5 minutes ago, Sakkura said:

You just got a source. And yes, I know the definition of a strawman, and that was exactly what you just used. You deliberately and grossly misrepresented my position.

 

It is misleading because we can count on it, and it went open as AMD promised, just in a different and more comprehensive way.

 

Not as good as native, therefore definitely terrible. Have you even used WINE?

 

Vulkan is a royalty-free open standard. They will not sue you out of a damn thing, they'll thank you and maybe throw an SDK or two your way. It is definitively an open standard, you can't just claim the sky is green here.

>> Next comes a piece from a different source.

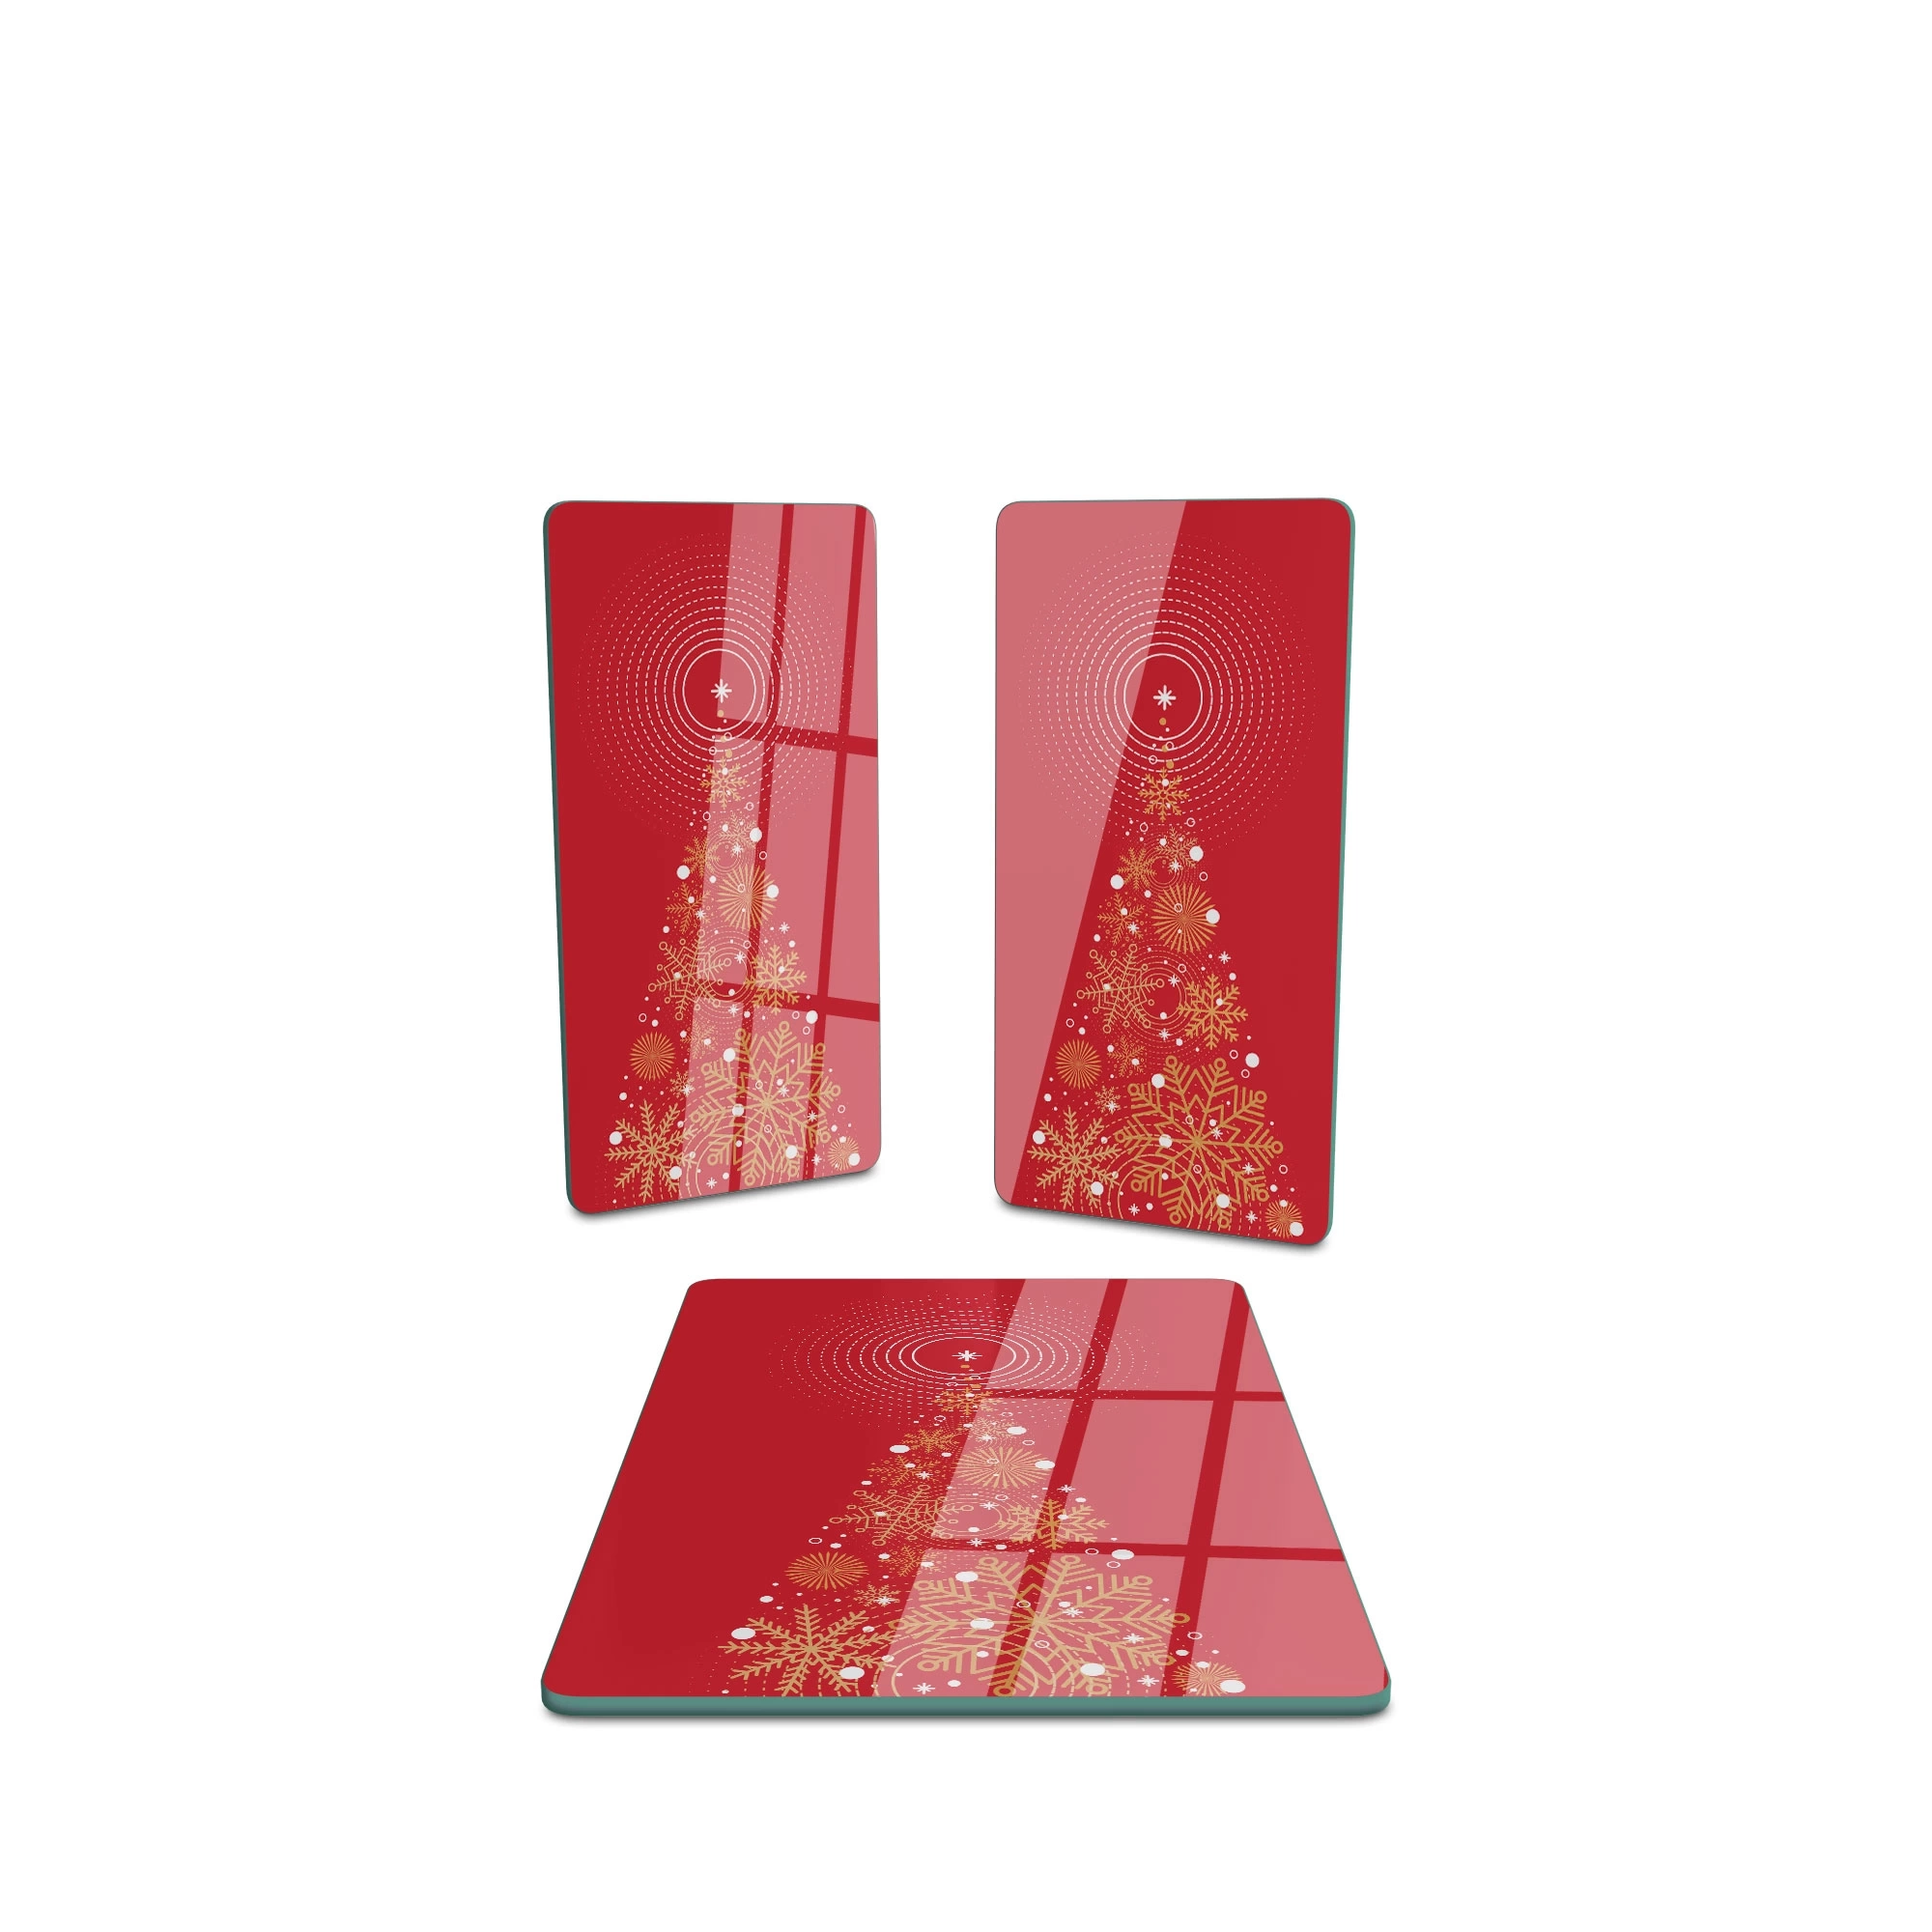 Decovetro Cam Sunum Servis Tabağı 3lü Dikdörtgen Set Kırmızı Yılbaşı Ağacı Desenli

No, I got a piss-poor excuse for one that says less than 1/4 what was claimed. No, you fumbled your language and painted yourself into a corner

 

You can't count on it because the numbers aren't in. No, it would have been comprehensive if the code when straight up on a public Github or Subversion repository. 

 

I have used Wine. Average performance hit is 5%. That's easily tolerable.

 

It's royalty-free for Khronos members such as AMD, Nvidia, and Intel, but not for outsiders. I'm not claiming the sky is green. They sued outsiders over OpenGL implementations in years past too. It's not an open standard. The number of companies which can implement it is just large enough that you can't see the difference. If I started up a GPU company and gave Khronos the finger and implemented Vulkan, my ass would be in court within months.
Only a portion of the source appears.